DIRECTED BY LORENE SCAFARIA
STARRING: STEVE CARELL, KEIRA KNIGHTLEY, MELANIE LYNSKEY, ADAM BRODY, ROB CORDDRY, TONITA CASTRO, DEREK LUKE, T.J. MILLER with PATTON OSWALT, NANCY CARELL and MARTIN SHEEN
Lorene Scafaria wrote and directed ‘Nick and Norah’s Infinite Playlist’ that starred Kat Dennings, Michael Cera and Ari Graynor. You can almost see that in the premise of her new film ‘Seeking a Friend for the End of the World.’ A woman who is in control of an existing relationship meets a man who isn’t. The difference here is that now he has the option to not want to do anything about it. Nick O’Leary (Cera’s character in ‘Nick and Norah’) needed mending. Dodge Peterson, (Steve Carell) on the other hand, awaits doomsday. The least he can do is sit tight.
The thing about casting Steve Carell is that you’d find the character hollowed beyond what you’d have intended him to be. Dodge has just had his wife (played, incidentally, by Carell’s real wife Nancy Carell) drop him like he’s got dirt all over. He goes over to a friend’s place in the aftermath. The friend’s wife, initially, sets him up with a friend of hers (Melanie Lynskey) who intends to get the best out of the rest of her days. She then makes a pass at him herself. “Linda (Dodge’s wife) got to do what she wanted to do,” she says. “Why not me?” Dodge is dumbstruck. His only answer is to jump the fence and run away. He does exactly that.

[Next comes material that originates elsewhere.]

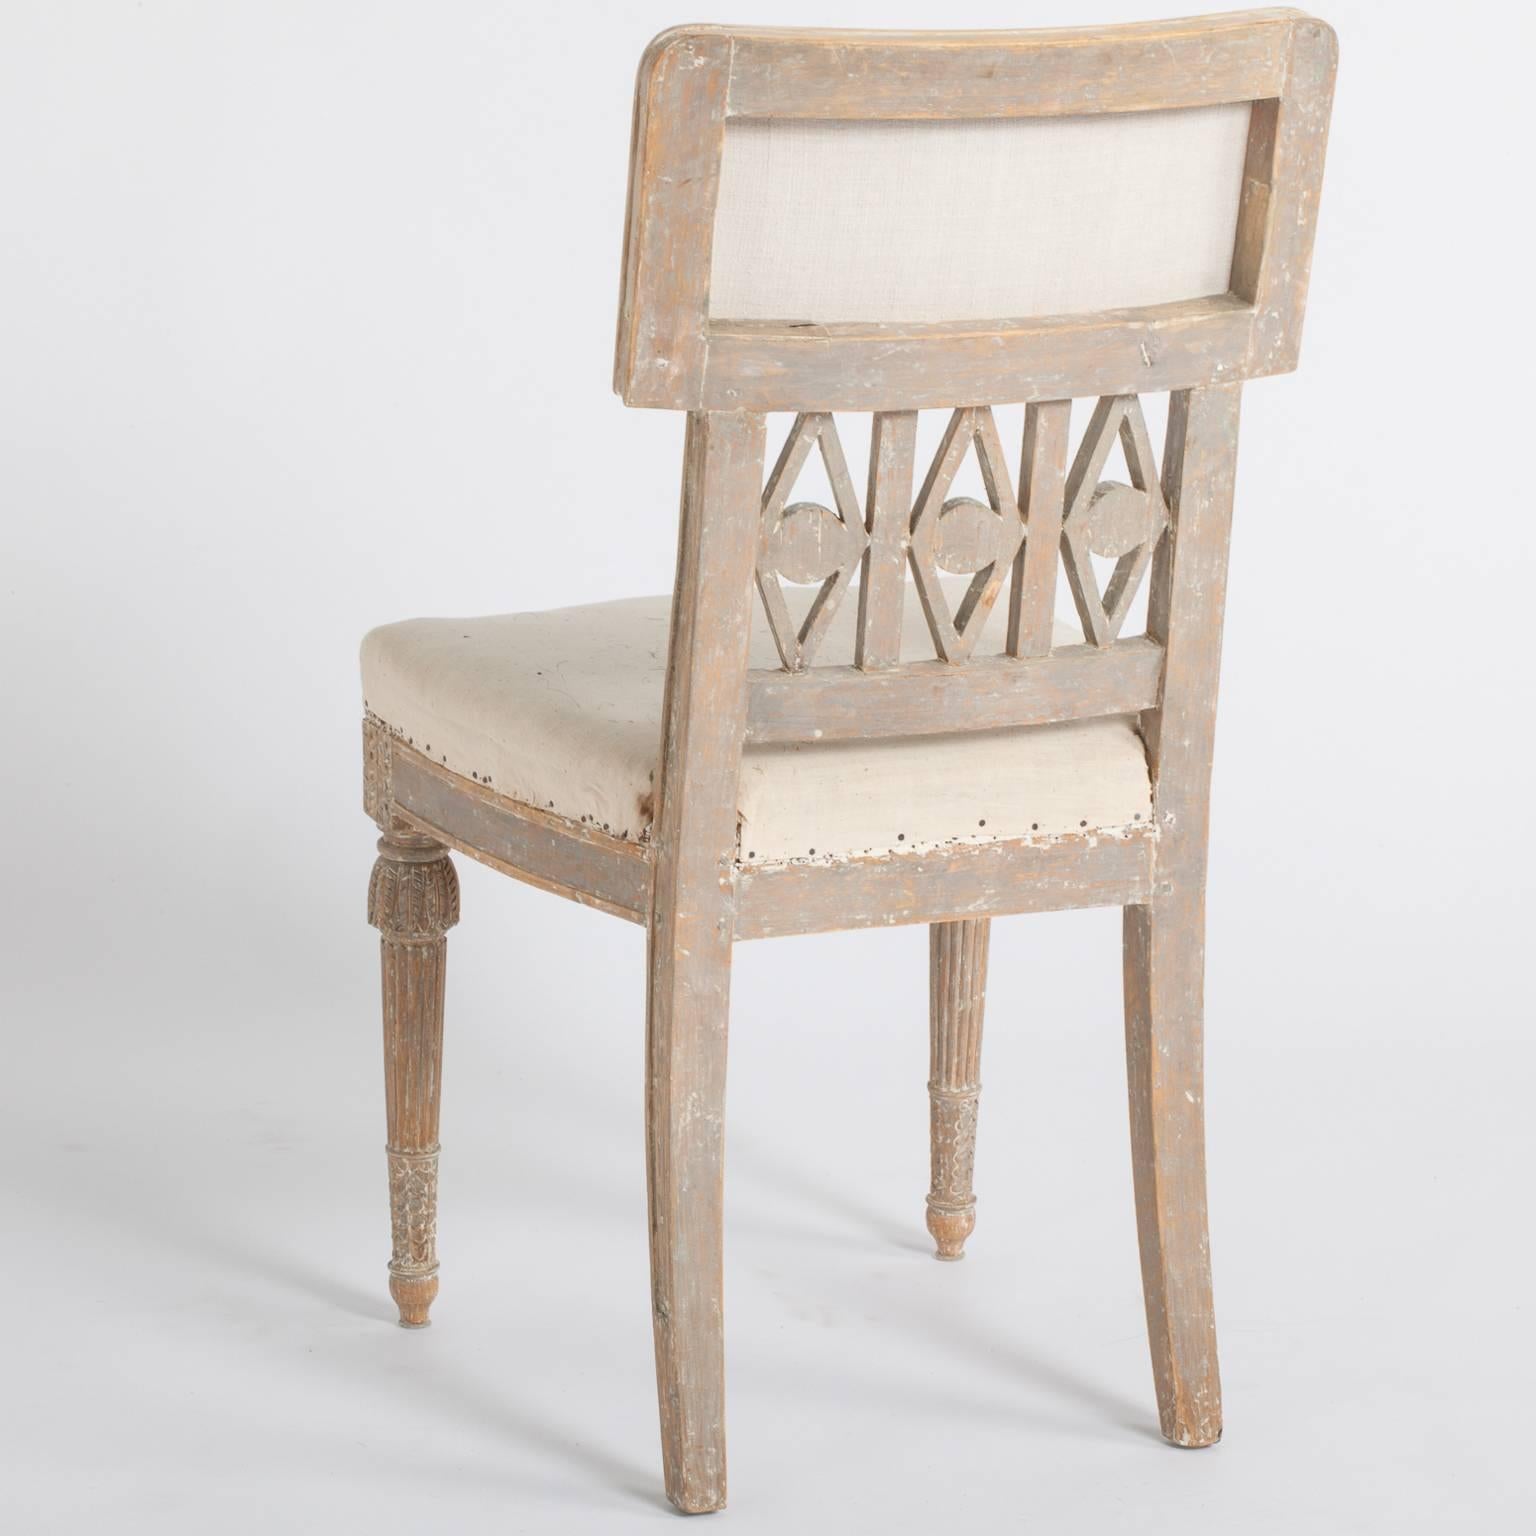 Carved Eight Signed Swedish Gustavian Period Chairs, Lindome, circa 1780

Penny (Keira Knightley) is introduced to us before she’s introduced to Dodge. We have a shot of her leaving her boyfriend (Adam Brody) as he clings to the door like it’s her, not letting go. Her hair short, Knightley reminded me of her character in ‘Love Actually,’ Richard Curtis’ collage of love stories. She’s from England – not New England, old England – and has an accent. That’s about the only thing about her that is strange in a character that is archetypical American. Emily Blunt was an example in ‘the Five-Year Engagement.’ I don’t know if it’s a trend, but if it is, it’s worth noticing.
The film begins like it’s going to hang loose on an existential thread, but quickens to define a task for itself by means of its lead characters. Dodge comes across a letter that hadn’t quite reached him, from a high-school sweetheart by the name of Olivia. “Is she the one that got away?” Penny asks him. “Well, they all got away,” he responds, with Carell’s defeatist smile. “She was just the first one.” In that letter, needless to say, Olivia expresses undying love that had just resurfaced, given recent events. Having mentioned he hasn’t got the time or energy to handle ‘someone new,’ Dodge fixates on a past that he intends to bring to whatever remained of a future.
Penny, on the other hand, calls it quits – something we see right through. It’s not even the usual movie-resolution. “I haven’t seen two people as much in love as they (her parents) are,” she says, when she insinuates that that’s what had possibly had her set such high standards for herself. 21 days wouldn’t be enough to find the one. Knightley works like a miracle in both aspects of frivolity and intensity that doesn’t help a character who finds herself in the most predictable of positions. There is, for instance, a sequence where Penny takes Dodge to Speck (Derek Luke), another ex-boyfriend, who claims he knows her enough to know she’s a “survivalist, more than a romantic,” and hence would choose to stay with him. You smirk because you know better.
The writer, you find, distorts characters with whims of her own. Is it like Dodge to have his Dad (Martin Sheen) fly her back to where she’s from? Debatable. But mostly, yes. Is it like Penny to come back? You don’t know, for Penny isn’t Penny anymore. The end of the world is bound to do strange things to those who are to face it; perhaps more to those who want to write about it. Lars Von Trier showed us with his ‘Melancholia.’ ‘Seeking a Friend for the End of the World’ could’ve been better if only the ‘end of the world’ part was driven home stronger. What we have looks like a meta-narrative of two characters who are, slowly, becoming aware that their film is going to end. And they simply had to do what the author intended them to do – one shaken out of her skin because she doesn’t know what she’s doing, the other ‘madly in love’ for he’s known to be resolute.
Yet again, Scafaria evokes memories of another film that you’d almost think she has tried to implicate it. Penny asks Dodge to not let her fall asleep. In ‘Eternal Sunshine of the Spotless Mind,’ Clementine (Kate Winslet) asks Joel (Jim Carrey) to not let her sleep so she can cling to her memories – the last she has of them together. Penny’s excuse is hypersomnia. She says she could sleep through an apocalypse and not know the world had ended. But she couldn’t sleep through a flight back home, which means she wouldn’t sleep through an apocalypse. Dodge doesn’t have to do anything. It’s all the work of the end of days - on two promising characters and a writer who shows promise, but in flashes.